■ **Exercise objective**
Find the line holding "Plan illustrating site" in the entries below. Give it again exactly, along with every line after it up to and including the line holding "Most UGG blankets".
[[ Data for processing open ]]
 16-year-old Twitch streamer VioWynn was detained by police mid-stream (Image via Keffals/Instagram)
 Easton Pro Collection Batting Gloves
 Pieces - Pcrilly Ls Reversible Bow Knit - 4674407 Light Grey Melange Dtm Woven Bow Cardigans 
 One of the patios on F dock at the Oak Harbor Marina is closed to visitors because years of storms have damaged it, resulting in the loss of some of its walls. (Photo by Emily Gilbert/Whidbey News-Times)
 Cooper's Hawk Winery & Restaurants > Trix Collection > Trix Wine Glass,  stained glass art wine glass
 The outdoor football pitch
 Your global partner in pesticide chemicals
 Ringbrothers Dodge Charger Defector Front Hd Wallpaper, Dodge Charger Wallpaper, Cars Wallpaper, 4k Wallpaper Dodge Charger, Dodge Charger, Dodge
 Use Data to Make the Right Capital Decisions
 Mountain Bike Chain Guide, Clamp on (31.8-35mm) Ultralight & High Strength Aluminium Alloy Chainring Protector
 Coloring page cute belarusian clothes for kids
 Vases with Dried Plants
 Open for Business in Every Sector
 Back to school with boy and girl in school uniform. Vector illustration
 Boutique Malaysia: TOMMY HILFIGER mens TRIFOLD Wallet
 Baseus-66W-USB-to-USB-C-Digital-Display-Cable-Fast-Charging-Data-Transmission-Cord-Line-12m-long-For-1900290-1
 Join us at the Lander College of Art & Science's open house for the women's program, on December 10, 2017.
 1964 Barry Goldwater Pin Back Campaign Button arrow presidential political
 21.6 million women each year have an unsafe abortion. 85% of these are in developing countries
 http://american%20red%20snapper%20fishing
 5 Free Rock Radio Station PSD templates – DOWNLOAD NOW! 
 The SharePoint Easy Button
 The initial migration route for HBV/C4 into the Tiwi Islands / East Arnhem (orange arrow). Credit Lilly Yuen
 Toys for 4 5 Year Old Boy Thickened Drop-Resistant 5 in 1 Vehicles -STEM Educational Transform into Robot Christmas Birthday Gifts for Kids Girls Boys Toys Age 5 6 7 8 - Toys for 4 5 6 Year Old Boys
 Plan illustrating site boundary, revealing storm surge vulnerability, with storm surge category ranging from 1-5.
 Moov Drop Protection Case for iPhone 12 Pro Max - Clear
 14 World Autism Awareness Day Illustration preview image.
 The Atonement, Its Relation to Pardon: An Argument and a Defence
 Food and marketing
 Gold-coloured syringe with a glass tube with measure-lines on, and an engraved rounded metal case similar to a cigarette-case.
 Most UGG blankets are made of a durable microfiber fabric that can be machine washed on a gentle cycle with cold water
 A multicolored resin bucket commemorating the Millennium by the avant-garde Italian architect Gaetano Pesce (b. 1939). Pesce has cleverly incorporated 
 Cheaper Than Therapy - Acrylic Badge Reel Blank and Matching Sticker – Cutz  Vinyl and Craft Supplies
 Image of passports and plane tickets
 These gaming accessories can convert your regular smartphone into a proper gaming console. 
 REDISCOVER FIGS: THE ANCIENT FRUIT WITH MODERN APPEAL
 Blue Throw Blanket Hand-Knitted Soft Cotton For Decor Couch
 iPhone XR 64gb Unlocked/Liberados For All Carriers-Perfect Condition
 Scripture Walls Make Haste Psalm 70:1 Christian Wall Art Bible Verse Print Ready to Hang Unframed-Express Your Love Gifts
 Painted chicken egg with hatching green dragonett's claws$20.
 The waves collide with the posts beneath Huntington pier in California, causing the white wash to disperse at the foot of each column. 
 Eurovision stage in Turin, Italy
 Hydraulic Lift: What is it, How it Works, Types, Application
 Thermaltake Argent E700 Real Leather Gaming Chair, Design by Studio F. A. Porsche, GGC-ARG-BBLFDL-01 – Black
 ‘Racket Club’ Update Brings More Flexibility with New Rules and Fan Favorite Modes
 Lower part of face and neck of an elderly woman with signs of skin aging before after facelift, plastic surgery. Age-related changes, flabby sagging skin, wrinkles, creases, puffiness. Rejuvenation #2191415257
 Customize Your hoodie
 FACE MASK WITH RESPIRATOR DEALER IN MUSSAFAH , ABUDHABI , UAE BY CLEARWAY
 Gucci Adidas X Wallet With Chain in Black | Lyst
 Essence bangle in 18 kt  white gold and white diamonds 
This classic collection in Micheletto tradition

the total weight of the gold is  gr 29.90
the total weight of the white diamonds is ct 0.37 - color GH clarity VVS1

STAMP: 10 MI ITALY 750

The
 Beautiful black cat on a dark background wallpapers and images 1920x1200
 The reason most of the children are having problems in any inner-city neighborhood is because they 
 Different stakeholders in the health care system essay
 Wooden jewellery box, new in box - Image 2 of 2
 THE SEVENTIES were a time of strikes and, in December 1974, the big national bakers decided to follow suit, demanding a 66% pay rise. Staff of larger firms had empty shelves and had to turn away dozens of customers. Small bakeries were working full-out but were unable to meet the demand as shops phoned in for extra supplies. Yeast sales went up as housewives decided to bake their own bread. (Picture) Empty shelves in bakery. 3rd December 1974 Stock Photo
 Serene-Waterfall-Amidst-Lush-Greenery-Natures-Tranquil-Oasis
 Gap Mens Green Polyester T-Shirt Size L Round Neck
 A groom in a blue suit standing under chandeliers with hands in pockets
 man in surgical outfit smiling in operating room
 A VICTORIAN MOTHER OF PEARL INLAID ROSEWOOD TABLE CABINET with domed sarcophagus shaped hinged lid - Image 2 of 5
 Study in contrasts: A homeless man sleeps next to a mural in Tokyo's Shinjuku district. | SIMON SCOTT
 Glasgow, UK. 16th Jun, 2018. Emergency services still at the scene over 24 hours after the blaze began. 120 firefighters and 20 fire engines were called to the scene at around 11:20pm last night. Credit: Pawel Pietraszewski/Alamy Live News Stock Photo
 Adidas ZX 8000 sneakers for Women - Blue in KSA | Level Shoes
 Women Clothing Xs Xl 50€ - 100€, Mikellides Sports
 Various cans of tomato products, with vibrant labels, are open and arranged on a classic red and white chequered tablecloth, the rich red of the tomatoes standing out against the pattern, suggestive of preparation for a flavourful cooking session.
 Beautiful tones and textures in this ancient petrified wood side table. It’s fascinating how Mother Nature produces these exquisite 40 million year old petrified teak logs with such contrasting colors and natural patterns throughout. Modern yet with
[[ Data for processing closed ]]
■ **Worked solution**
 Plan illustrating site boundary, revealing storm surge vulnerability, with storm surge category ranging from 1-5.
 Moov Drop Protection Case for iPhone 12 Pro Max - Clear
 14 World Autism Awareness Day Illustration preview image.
 The Atonement, Its Relation to Pardon: An Argument and a Defence
 Food and marketing
 Gold-coloured syringe with a glass tube with measure-lines on, and an engraved rounded metal case similar to a cigarette-case.
 Most UGG blankets are made of a durable microfiber fabric that can be machine washed on a gentle cycle with cold water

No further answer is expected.